Now that the FFI-unwind Project Group has merged an RFC specifying the "C unwind" ABI and removing some instances of undefined behavior in the "C" ABI, we are ready to establish new goals for the group.

Our most important task, of course, is to implement the newly-specified behavior. This work has been undertaken by Katelyn Martin and can be followed here.

The requirements of our current charter, and the RFC creating the group, are effectively fulfilled by the specification of "C unwind", so one option is to simply wind down the project group. While drafting the "C unwind" RFC, however, we discovered that the existing guarantees around longjmp and similar functions could be improved. Although this is not strictly related to unwinding1, they are closesly related: they are both "non-local" control-flow mechanisms that prevent functions from returning normally. Because one of the goals of the Rust project is for Rust to interoperate with existing C-like languages, and these control-flow mechanisms are widely used in practice, we believe that Rust must have some level of support for them.

This blog post will explain the problem space. If you're interested in helping specify this behavior, please come join us in our Zulip stream!

longjmp and its ilk

Above, I mentioned longjmp and "similar functions". Within the context of the "C unwind" PR, this referred to functions that have different implementations on different platforms, and which, on some platforms, rely on forced unwinding. In our next specification effort, however, we would like to ignore the connection to unwinding entirely, and define a class of functions with the following characteristic:

a function that causes a "jump" in control flow by deallocating some number of stack frames without performing any additional "clean-up" such as running destructors

This is the class of functions we would like to address. The other primary example is pthread_exit. As part of our specification, we would like to create a name for this type of function, but we have not settled on one yet; for now, we are referring to them as "cancelable", "longjmp-like", or "stack-deallocating" functions.

Our constraints

Taking a step back, we have two mandatory constraints on our design:

  • There must be sound way to call libc functions that may pthread_cancel.
  • There must be a sound way for Rust code to invoke C code that may longjmp over Rust frames.

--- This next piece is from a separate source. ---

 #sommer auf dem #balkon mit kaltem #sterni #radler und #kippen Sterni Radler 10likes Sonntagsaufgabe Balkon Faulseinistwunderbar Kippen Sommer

In addition, we would like to adhere to several design principles:

  • The specified behavior can't be target-platform-specific; in other words, our specification of Rust's interaction with longjmp should not depend on whether longjmp deallocates frames or initiates a forced-unwind. Optimizations, however, can be target-platform-specific.
  • There should be no difference in the specified behavior of frame-deallocation performed by longjmp versus that performed by pthread_cancel.
  • We will only permit canceling POFs ("Plain Old Frames", explained in the next section).

POFs and stack-deallocating functions

The "C unwind" RFC introduced a new concept designed to help us deal with force-unwinding or stack-deallocating functions: the POF, or "Plain Old Frame". These are frames that can be trivially deallocated, i.e., they do no "cleanup" (such as running Drop destructors) before returning.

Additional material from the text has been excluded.